Your goal: Beneath this line sits some data. Return only its lines from the one holding "Black & White" through the one holding "TransportationHealthInfographic.jpg", inclusive, exactly, with the images removed.

Data to examine:
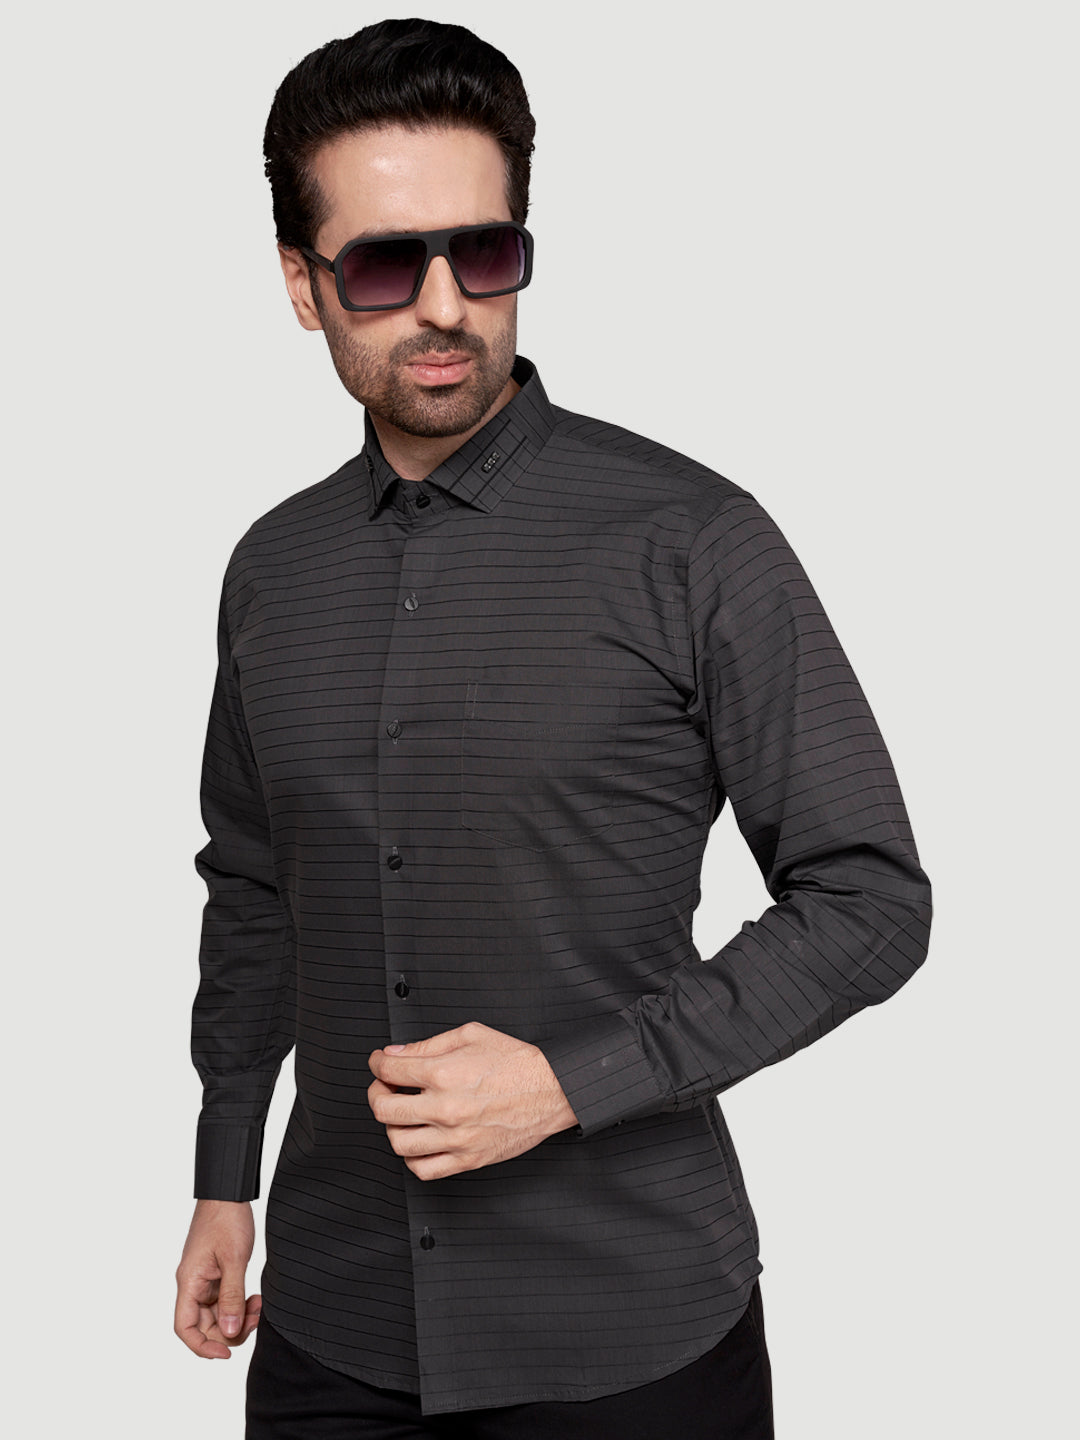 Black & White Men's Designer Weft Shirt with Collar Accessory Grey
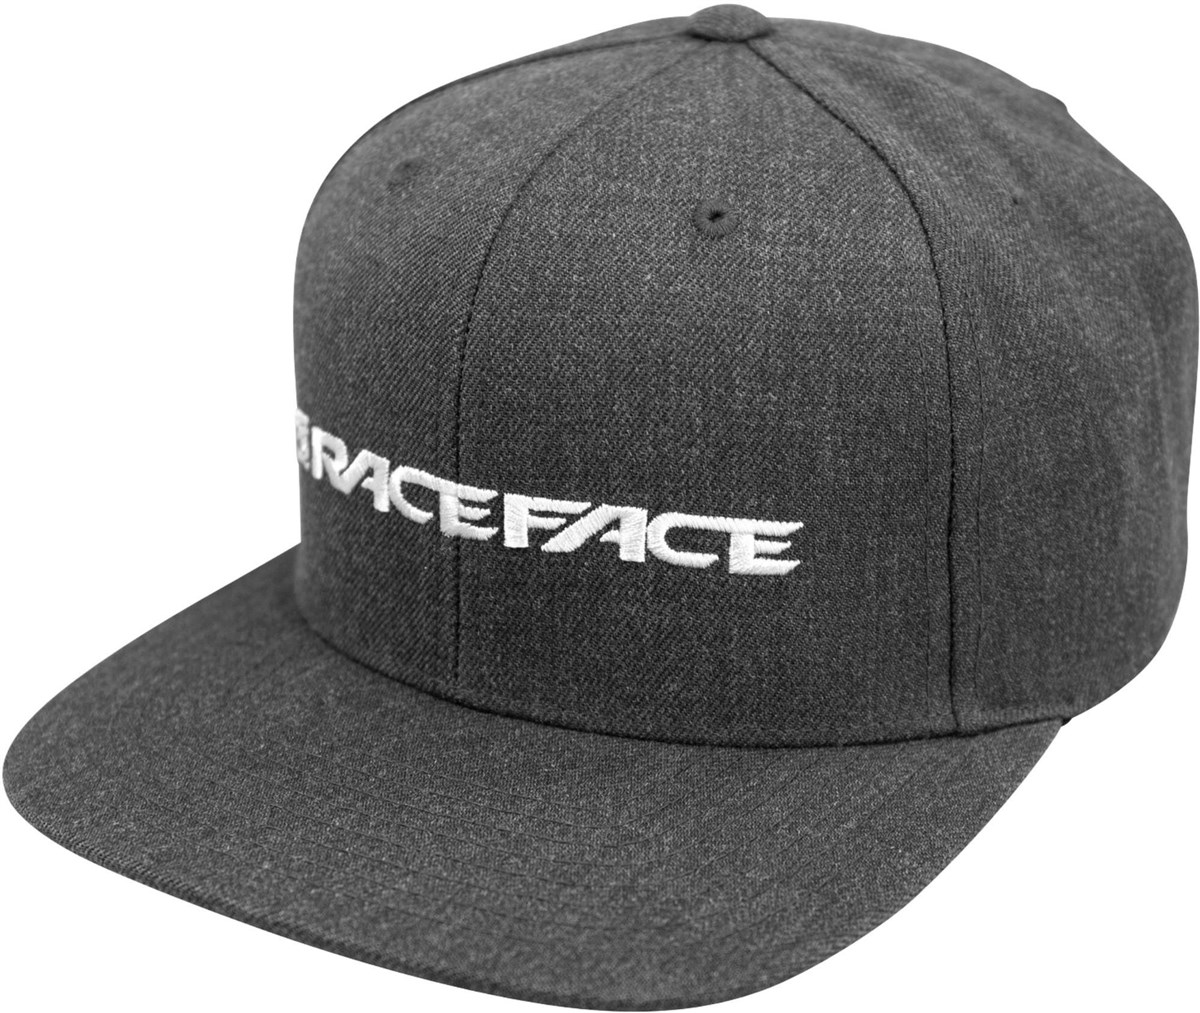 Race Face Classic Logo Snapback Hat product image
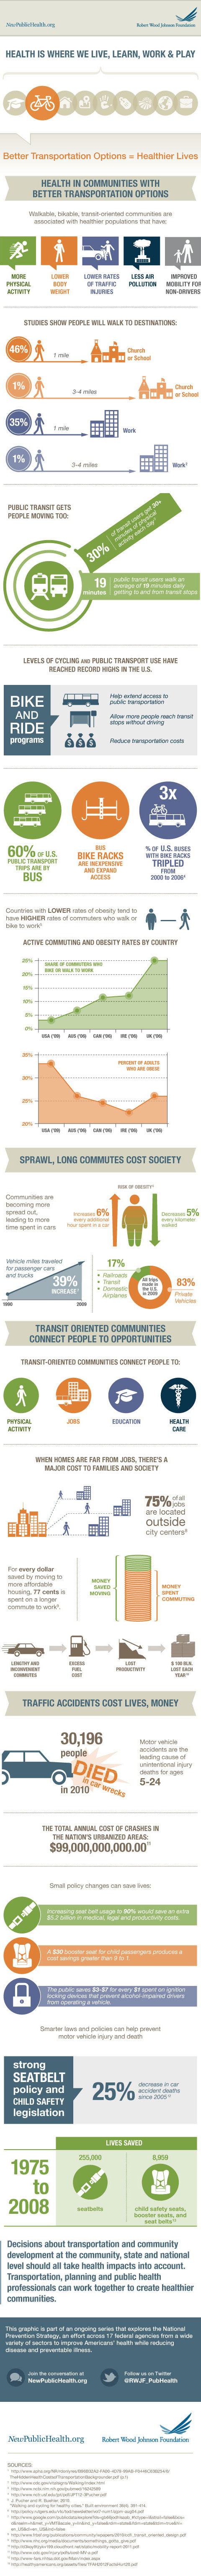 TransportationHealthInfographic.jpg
* * *
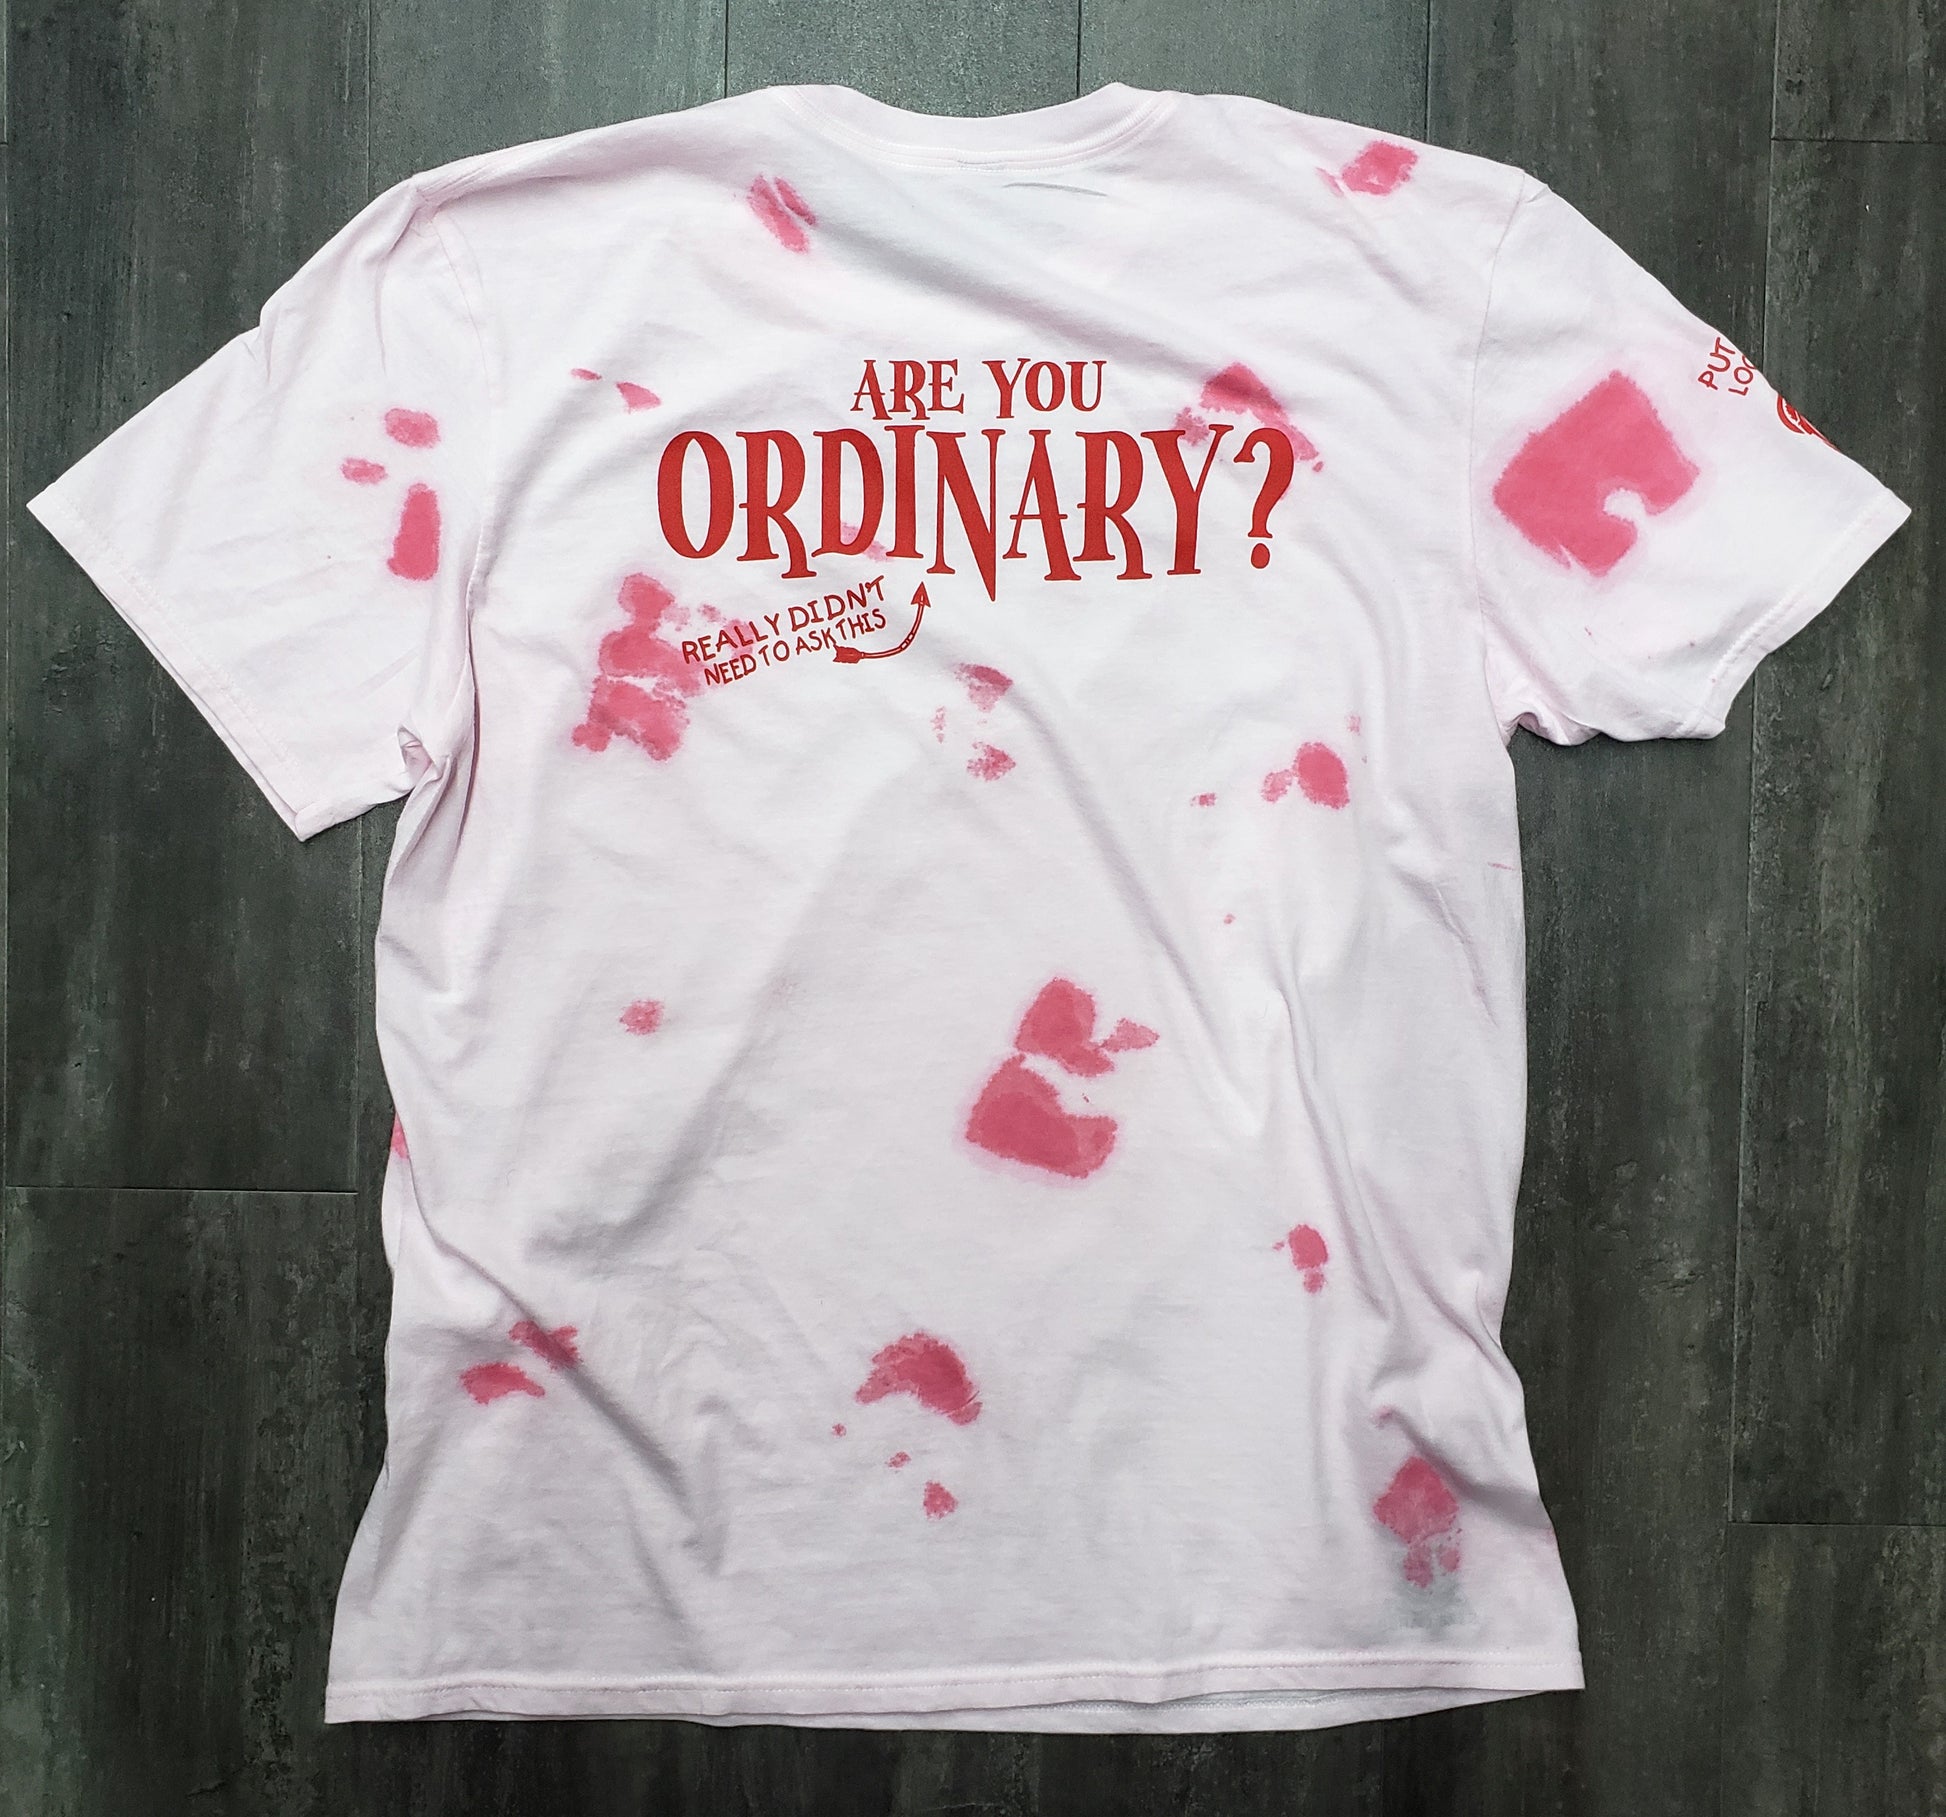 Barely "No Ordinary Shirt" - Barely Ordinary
==
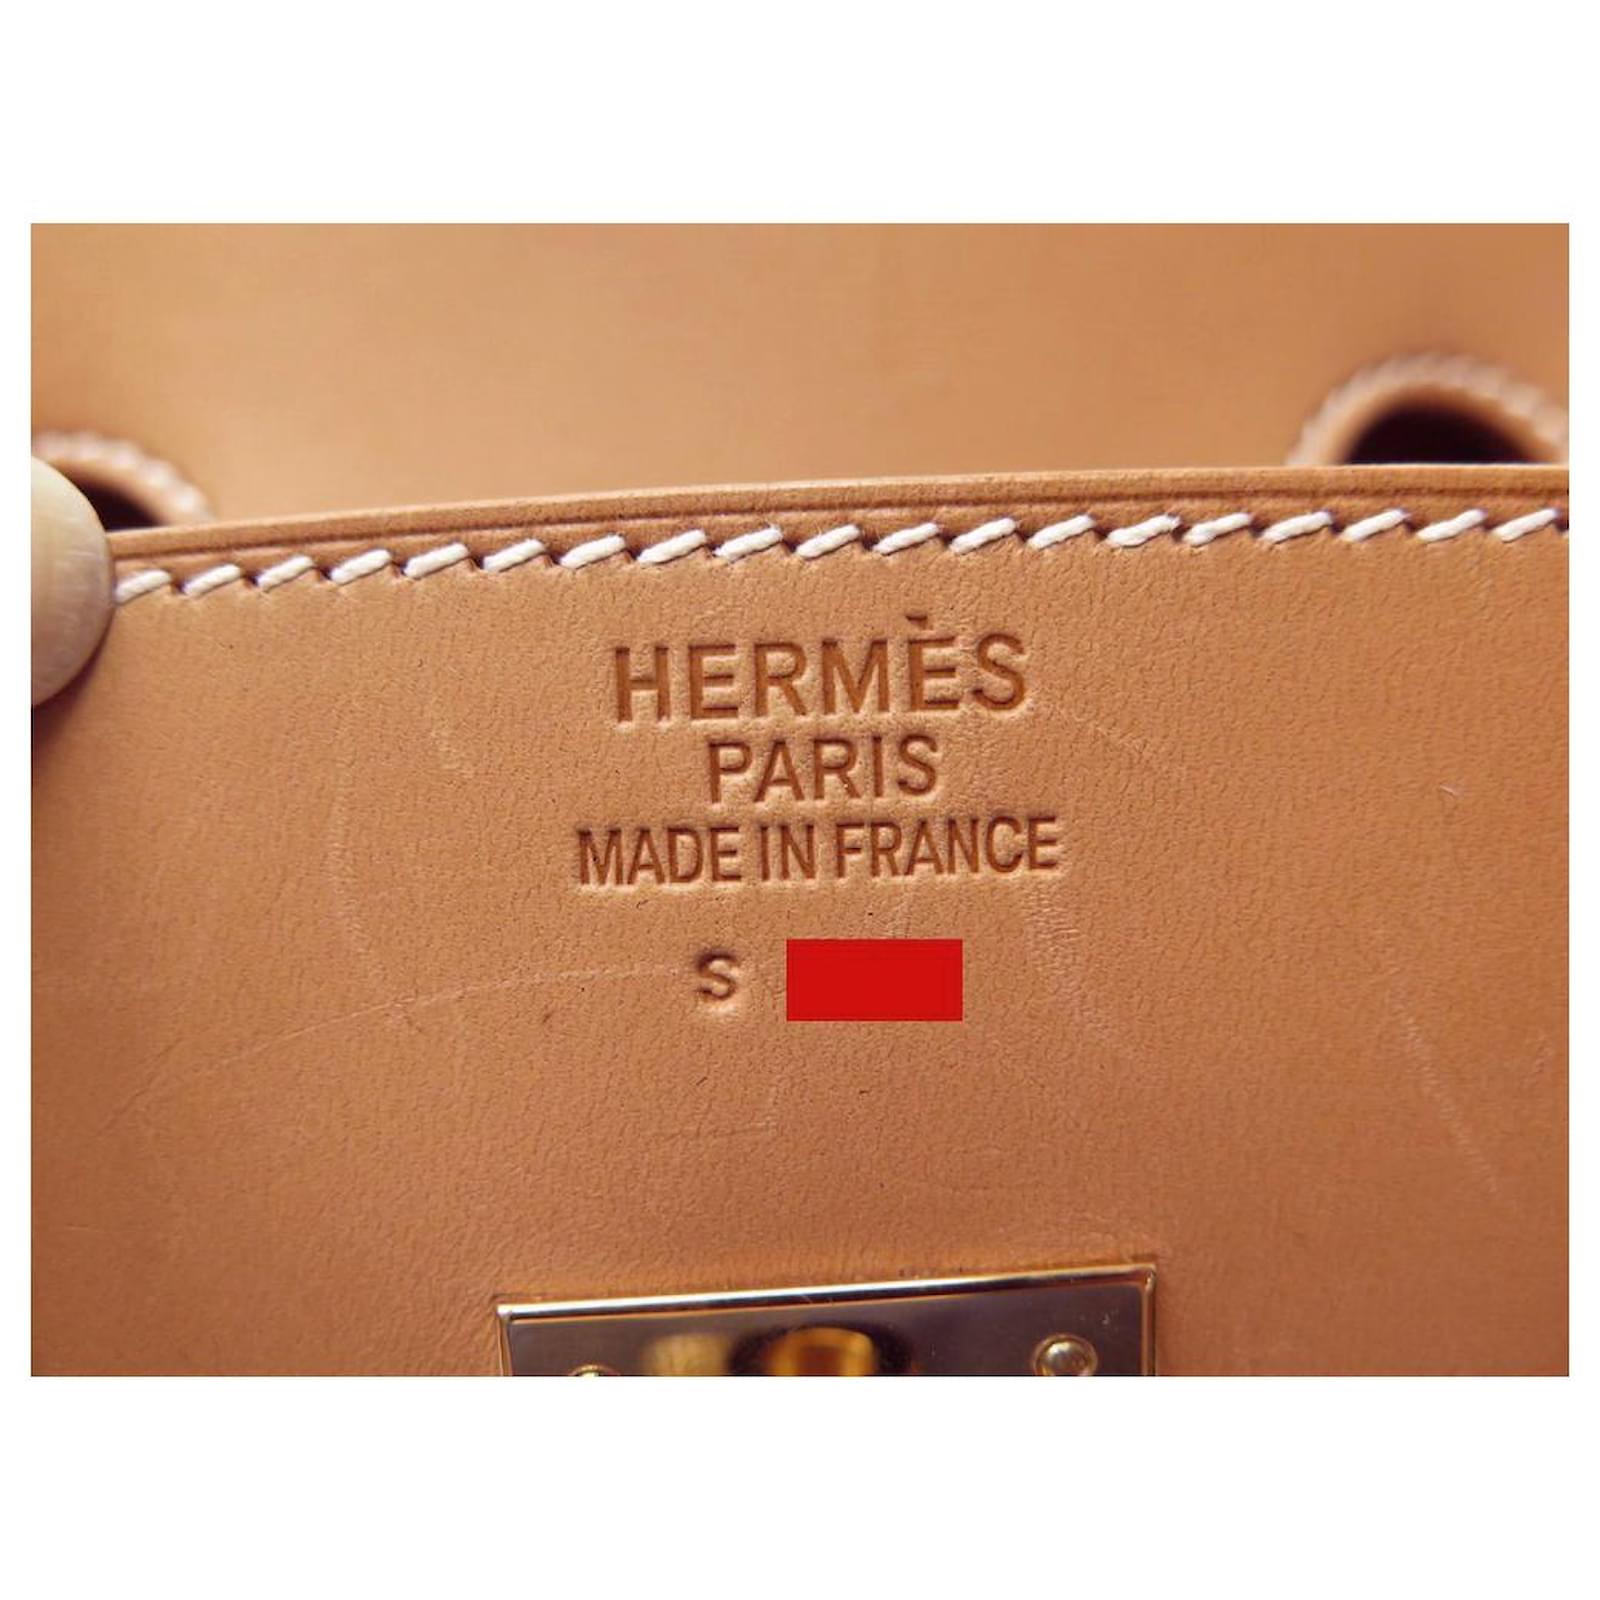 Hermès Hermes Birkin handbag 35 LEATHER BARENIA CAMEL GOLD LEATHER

Answer to this exercise:
 Black & White Men's Designer Weft Shirt with Collar Accessory Grey
 Race Face Classic Logo Snapback Hat product image
 TransportationHealthInfographic.jpg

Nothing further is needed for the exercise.